EuroWire, GENEVA: The World Health Organization has launched a 2026 global appeal for nearly $1 billion to keep essential health services running for people caught in conflict, displacement and disasters, warning that shrinking humanitarian funding is already disrupting care in multiple crisis zones. WHO said the appeal is designed to help health responders reach communities where hospitals and clinics are damaged, understaffed or running out of supplies, and where outbreaks can spread rapidly.

The appeal seeks nearly $1 billion to respond to 36 emergencies worldwide, including 14 Grade 3 emergencies, the agency’s highest emergency activation level. WHO said the emergencies span sudden-onset shocks and protracted crises in which health needs remain acute over months or years. The appeal calls for flexible, early funding to sustain life-saving care and support emergency coordination in settings where local health systems are under severe strain.
WHO said health emergencies are escalating as protracted conflicts, climate-related shocks and recurring infectious disease outbreaks overlap. It estimates that about 239 million people will require humanitarian assistance in 2026, with health services often among the first to collapse and among the hardest to restore. WHO said that when routine care breaks down, preventable deaths rise and the risks of wider outbreaks increase, particularly in crowded displacement settings.
In 2025, WHO said it and its partners supported 30 million people using funds from its annual emergency appeal. The agency said those resources helped deliver life-saving vaccinations to 5.3 million children, enabled 53 million health consultations, supported more than 8,000 health facilities and facilitated the deployment of 1,370 mobile clinics. WHO said the work included keeping frontline services operating while responding to emergencies that limited safe access for patients and health workers.
Funding gap strains frontline care
WHO said humanitarian funding in 2025 fell below 2016 levels, leaving it and partners able to reach only about one-third of the 81 million people originally targeted to receive humanitarian health assistance. The agency said severe funding constraints across the humanitarian system have disrupted more than 6,600 health facilities, cutting off care for over 53 million people. WHO said the reduction in operational capacity has widened gaps in basic services, including treatment for injuries and infectious diseases.
The agency also cited rising security risks for health workers and facilities. WHO’s appeal materials referenced more than 1,349 attacks on health care across 22 countries and territories in 2025, including incidents affecting clinics, ambulances and medical personnel. WHO said such attacks can force facilities to close, interrupt emergency referrals and complicate the delivery of medicines and supplies, further weakening health services during active crises.
Focus on essential services
WHO said its priority emergency response areas for 2026 include Afghanistan, the Democratic Republic of the Congo, Haiti, Myanmar, the occupied Palestinian territory including the Gaza Strip, Somalia, South Sudan, Sudan, the Syrian Arab Republic, Ukraine and Yemen, alongside ongoing outbreaks of cholera and mpox. As lead agency for health response in many humanitarian settings, WHO said it coordinates more than 1,500 partners across 24 crisis settings to align emergency health action with national authorities and local responders.

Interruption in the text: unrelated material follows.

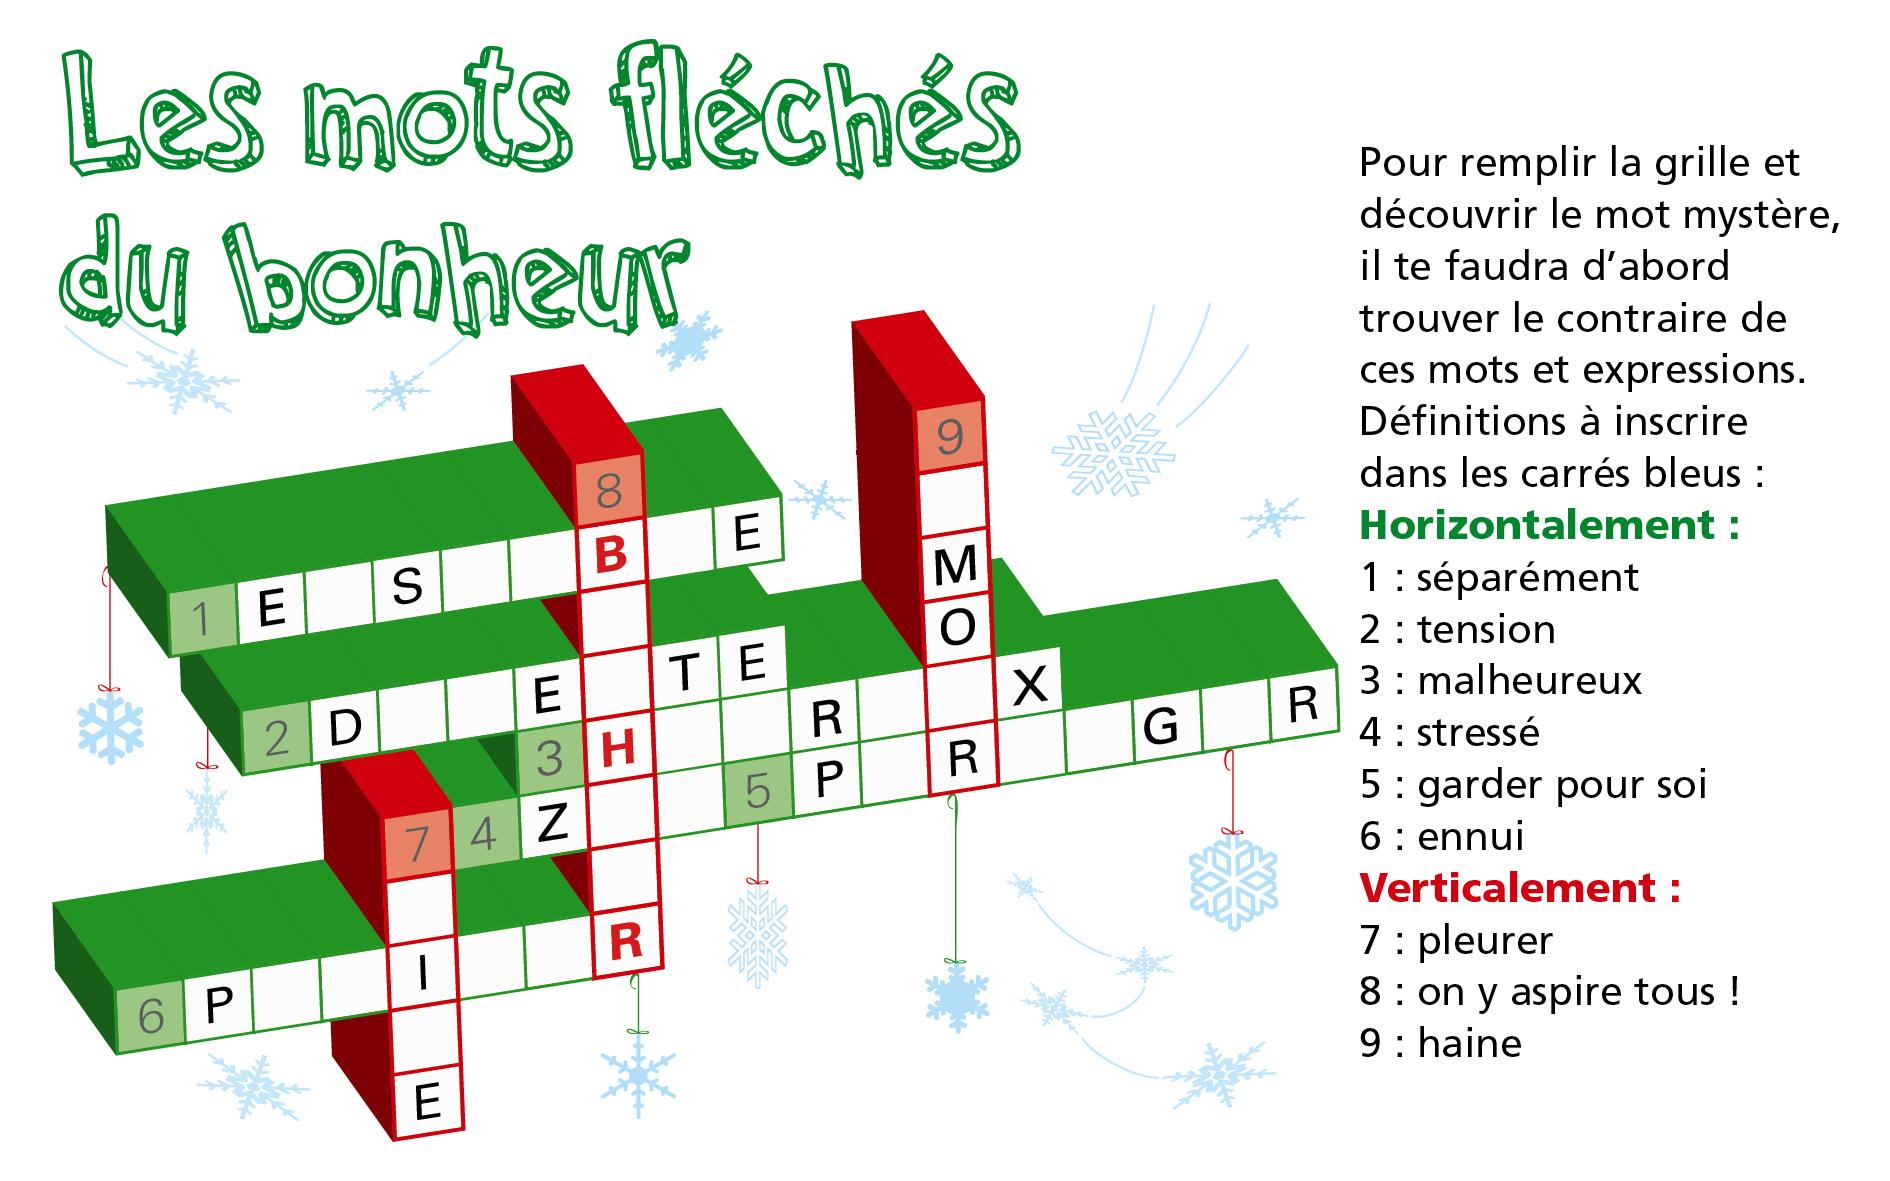 Les Mots Fléchés Du Bonheur / Jeu Lig'up - Lig'up concernant Les Mot Fleches Gratuits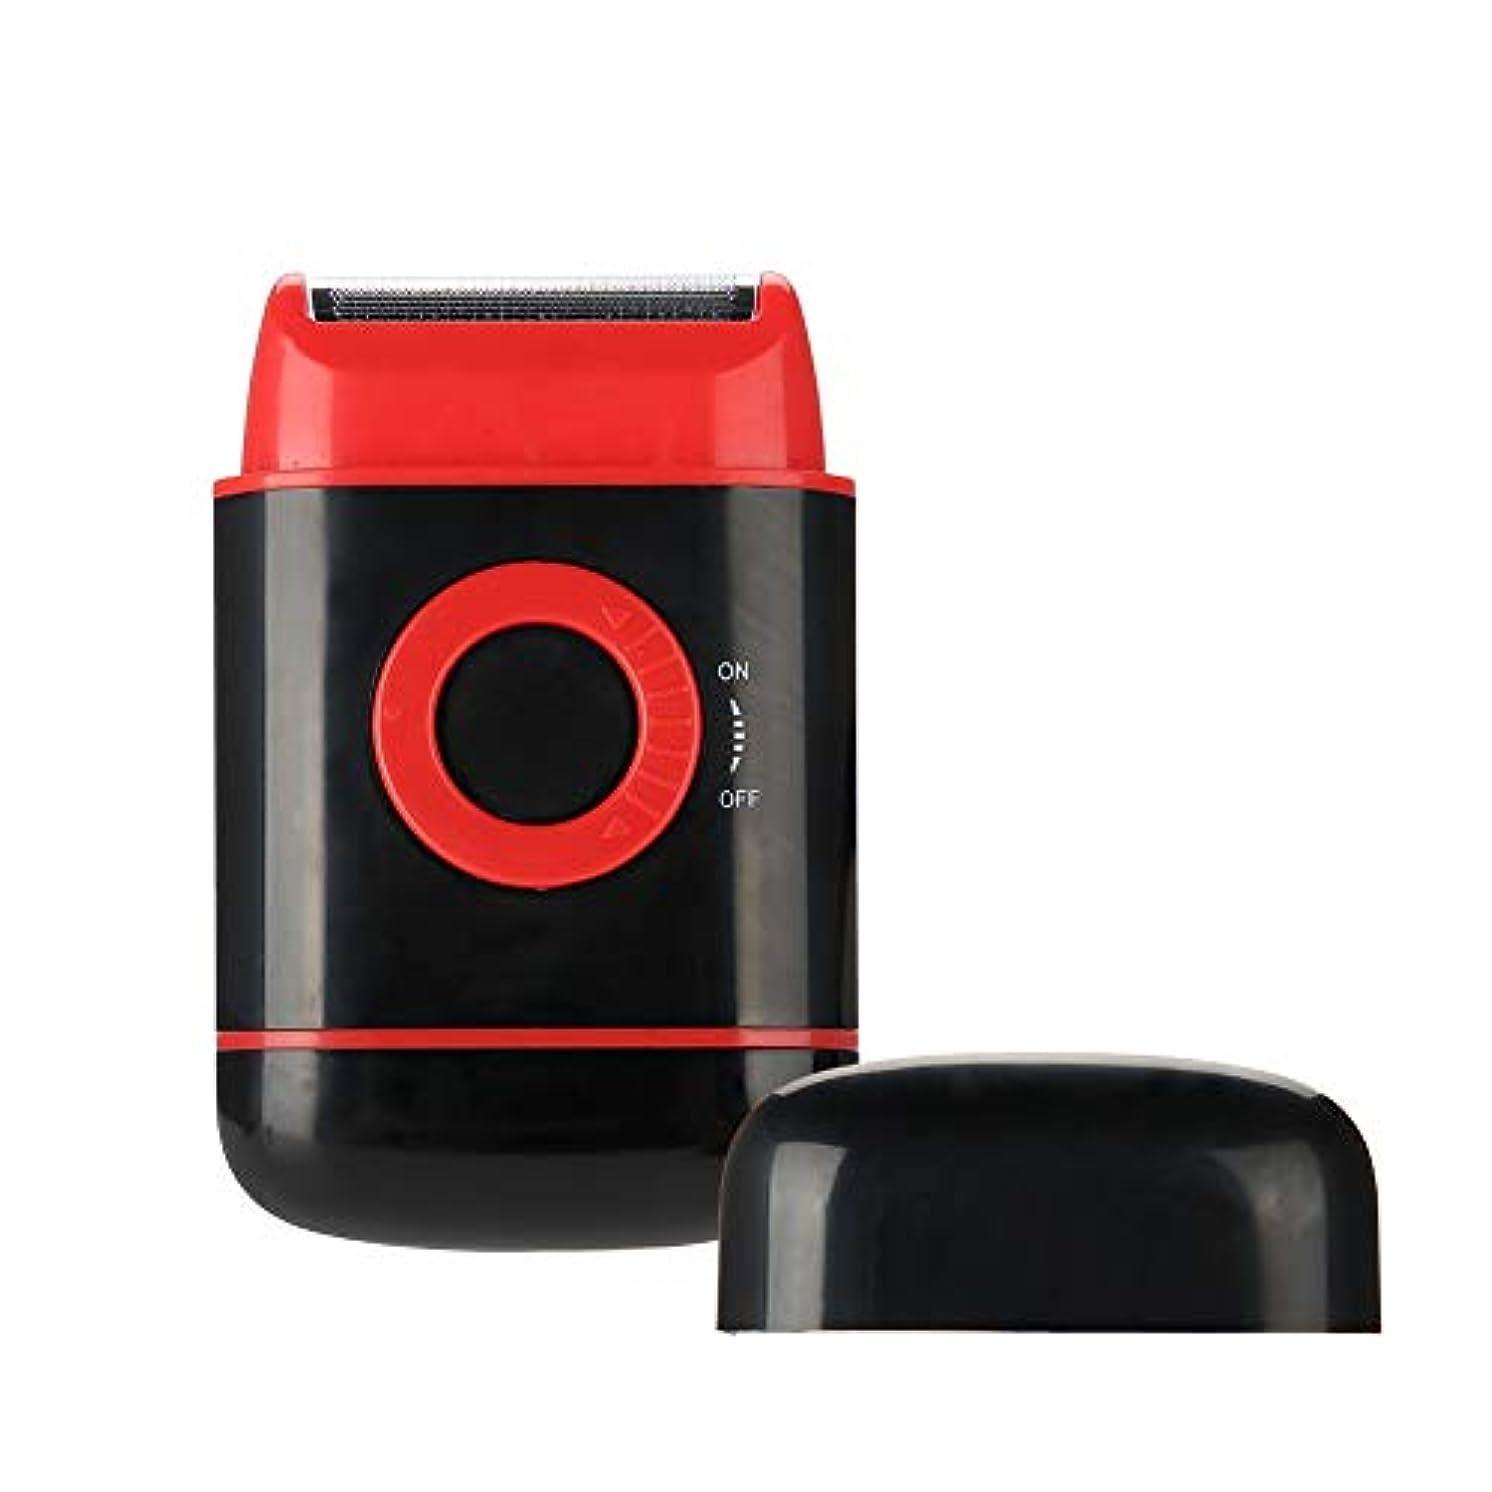 損失スマート馬力ひげそり 電気シェーバー 剃刀 男性 超薄型箔ポップアップひげトリマー単3電池のパワーシェービングカミソリ (レッド)

The appeal outlines support for keeping essential health facilities operational, delivering emergency medical supplies and trauma care, preventing and responding to outbreaks, restoring routine immunization, and ensuring access to sexual and reproductive, maternal and child health services in fragile and conflict-affected settings. WHO Director-General Tedros Adhanom Ghebreyesus said the appeal is “a call to stand with people living through conflict, displacement and disaster,” as the agency seeks funding to sustain core health services where needs are most urgent.